Residues to Riches: Piling for Dollars
Moisture content is the enemy of direct uses for forest biomass such as heat or combined heat and power (CHP) and is undesirable for most other uses of biomass, whether as feedstock for pellets or other bioconversion pathways.
June 14, 2010 By Mark Ryans
Moisture content is the enemy of direct uses for forest biomass such as heat or combined heat and power (CHP) and is undesirable for most other uses of biomass, whether as feedstock for pellets or other bioconversion pathways. If we recognize the true value of biomass and reward for it, we can start to invest in managing it properly.
|The delimber operator piles residues and conventional products on opposite sides of the road during processing.
|The residue pile is angled to facilitate loading the chipper and to accommodate the exit direction of the van.

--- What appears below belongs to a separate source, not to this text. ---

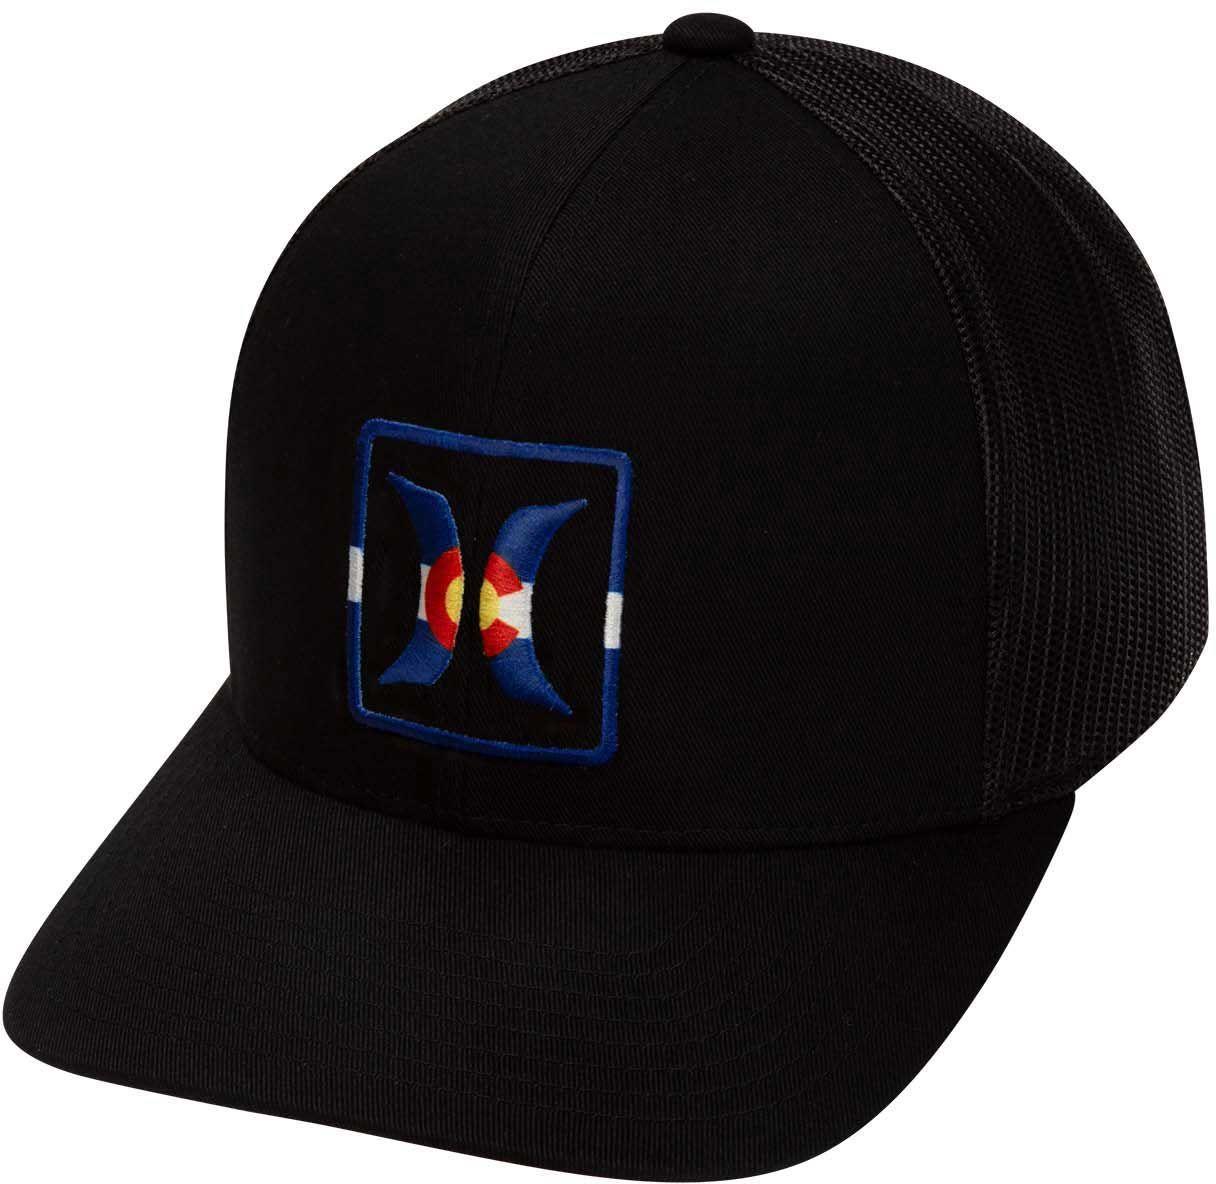 6babefbc Hurley Men's Colorado Trucker Hat | Products | Hats, Hurley ...

There are various ways of reducing moisture content, both in the field and at the mill. The choice of techniques will depend on the final use for the biomass. For heat or CHP, expending energy to dry the material at the mill is not the general practice. To produce a feedstock for pellets, however, the moisture content needs to be very low, say below 15%, before pressing. This level is almost impossible to achieve in the field, so additional drying energy is needed at the mill. Drying methods may employ steam dryers, belt dryers, rotary drum dryers, or other methods, with the more efficient ones using waste heat streams from the conversion process. Whatever method used at the mill, a good head start and more efficient system overall can be achieved by proper residue management in the field. Residues may not be the feedstocks for some applications, but may be used to furnish the drying heat.
Residue management is a matter of common sense and integration with the conventional harvest. Piles should be made in exposed, sunny and windy locations. A log or tree length should be put under the large end of residues to reduce their contact with wet soil. Aligned piles, as opposed to haystacks, allow for air circulation. They also facilitate feeding the grinder or chipper, as the material is not tangled like a bird’s nest and the operator can easily identify the pieces to grab with less boom manipulation. Properly constructed piles also reduce costs by maximizing grinder productivity.
On full-tree operations with stroke delimbers or roadside processors, the operation is problematic because the creation of residue piles can interfere with delimbing or processing, and skidding may be occurring at the same time in a hot-logging operation. A post-harvest, pre-comminution piling operation may be the simplest way to go, considering that residues are still not viewed as a coproduct on many operations across Canada, and the contractor recovering the residues is usually separate from the logging contractor. However, residue piles can be built during the conventional harvest on a well-integrated operation.
The photos show an excellent example of an integrated operation with biomass recovery. On Boyd B. Harding’s operation in northern New Brunswick, the top of the tree is placed on the residue pile during delimbing. The delimber then swings across the road with the tree length and makes a pile of conventional products on the other side. The residue pile is angled to facilitate loading the chipper, with the butt of the tops pointing in the direction where the van will exit the block. The contractor also controls the harvesting operation, so any small trees pushed over with soil in the roots are left in the cutover. He also builds the road to a standard for the chipping operation. Despite lower delimber productivity, the company sees the financial benefit of managing the operation for both biomass and conventional roundwood products.
In pre-comminution piling operations, an excavator should be used, rather than a bulldozer. Dozers are faster and readily available but put excessive amounts of snow and dirt into the pile. An excavator or purpose-built piling machine with a boom and open-tined grapple or rake is much better at building a proper pile in terms of shape and orientation, proximity to the road, and cleanliness. Ideally, the pre-piling operation should take place a few months ahead of the comminution operation to facilitate drying; some of the contaminants may fall or wash off the debris.
The pre-piling machine can also be used as the loader for the grinder.
Based on our studies to date, the cost of pre-piling residues after full-tree harvesting is easily recuperated by higher productivity and uptime of the grinder and through a better quality product, i.e., lower moisture content and less contamination.